Weddings now have cell phone policies, dance routines you must memorize, art directors, security guards, and they make you get in those goofy 360-degree photo booths even if you don't want to. The fake wedding security guard says stuff like, "The bride and groom have requested your presence in the 360 photo booth and if you don't comply we may ask you to leave."
When I thought it couldn't get any worse, it got worse, because some wedding parties are now requiring dress codes for guests. Sure tell the people in the wedding party what to wear, but how are you going to impose on guests? One invitation we received said, "If you're not wearing all white, then please don't come." And I don't even have a white suit, like who has a white suit laying around? Do I look like a Colombian drug lord?
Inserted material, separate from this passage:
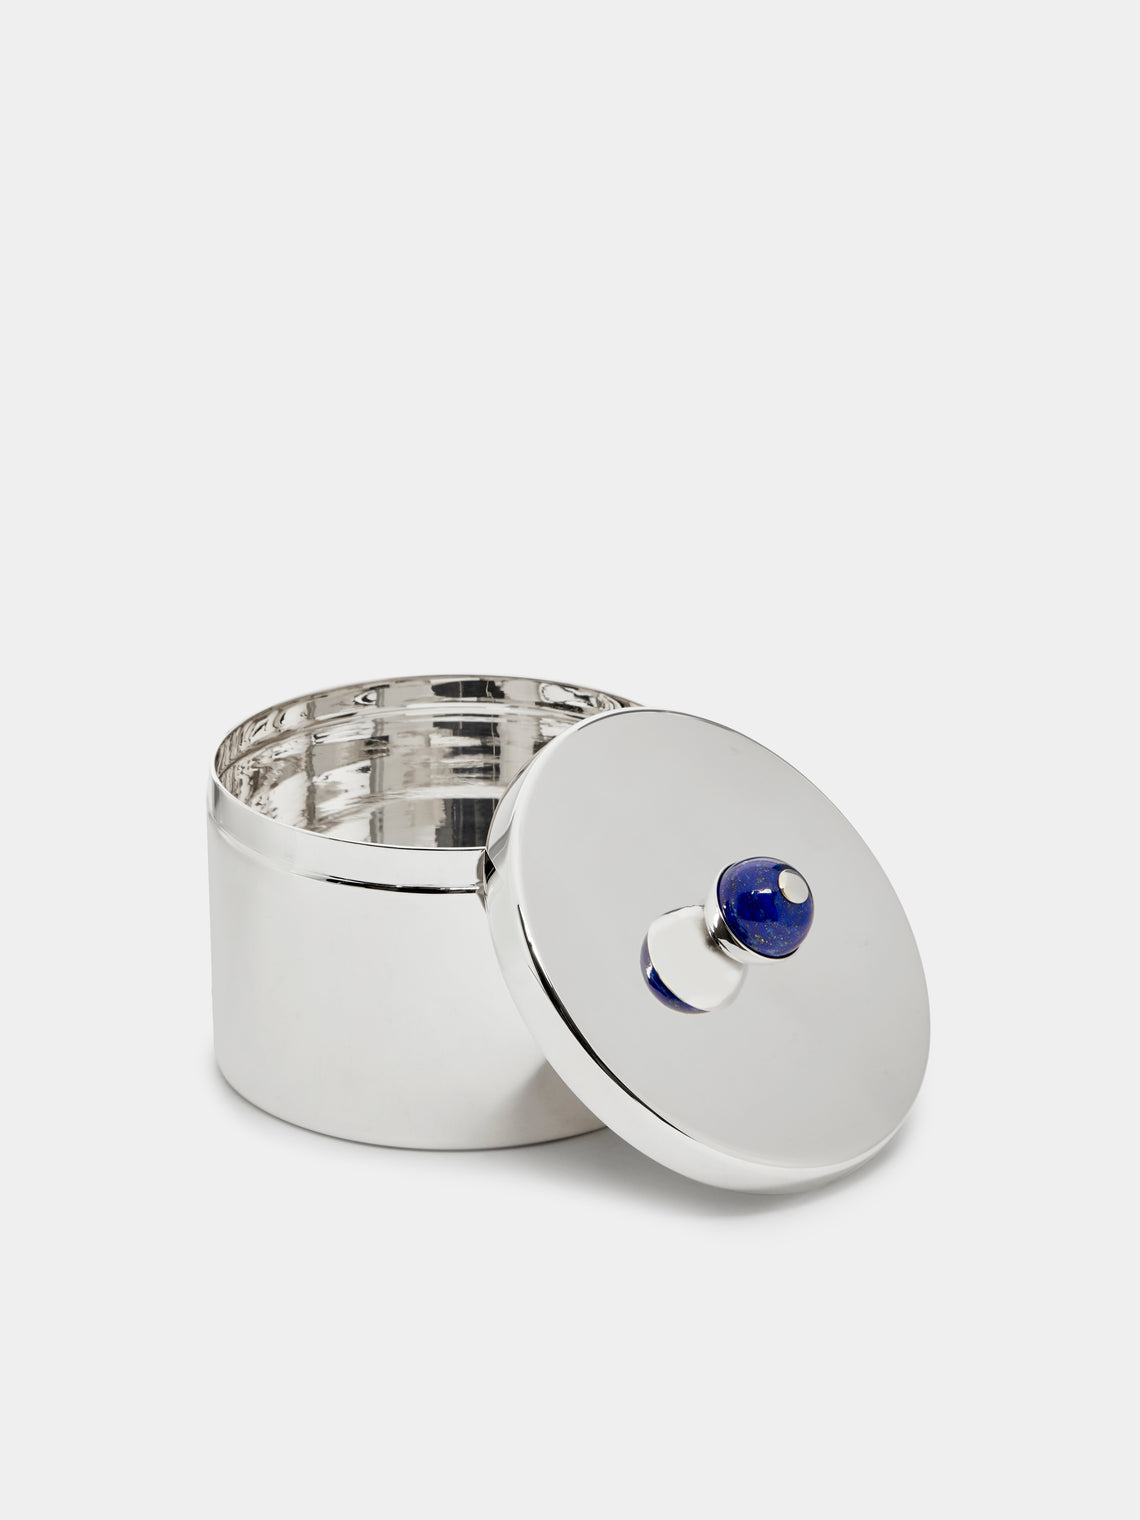 Wiener Silber Manufactur - Sterling Silver and Lapis Lazuli Box - Silver - ABASK

I don't even have a white suit, like who has a white suit laying around? Do I look like a Colombian drug lord?
Since we have been married, we strangely have been added to some type of list of people to invite to weddings. It feels like a wedding invitation comes in every day, like more than bills. While my wife seems to enjoy them, as she rips open the save the date invitations – and quickly RSVPs to every person that invites us to their nuptials, even if they're a stranger – deep down inside I know she doesn't. She can't. My wife has to hate weddings for the reasons that all of us hate weddings.
The parking is always terrible, and as a man I am expected to wear a jacket, even though many weddings take place in the summer, which means I'm going to burn up on the walk from a terrible parking spot to the venue. The food is normally dried chicken or overcooked salmon or overcooked beef that always sucks. And maybe the food is good or was good at some point but I would never know because strangely we're always at the table that gets served last. Never have I ever got the opportunity to sit at table two or three, the lucky people who get their disgusting meals directly after the wedding party. The line for alcohol is also always too long, and the conversations that go down between the strangers they seat you with are always super awkward. But there is an easy fix.
Stop inviting all of your friends to weddings, or you can invite them but don't get upset if they don't want to play by your extremely difficult wedding rules because even though we love you, we shouldn't have to prove that love by being tortured on your special day.
Also 50% of marriages end in divorce, so there's that.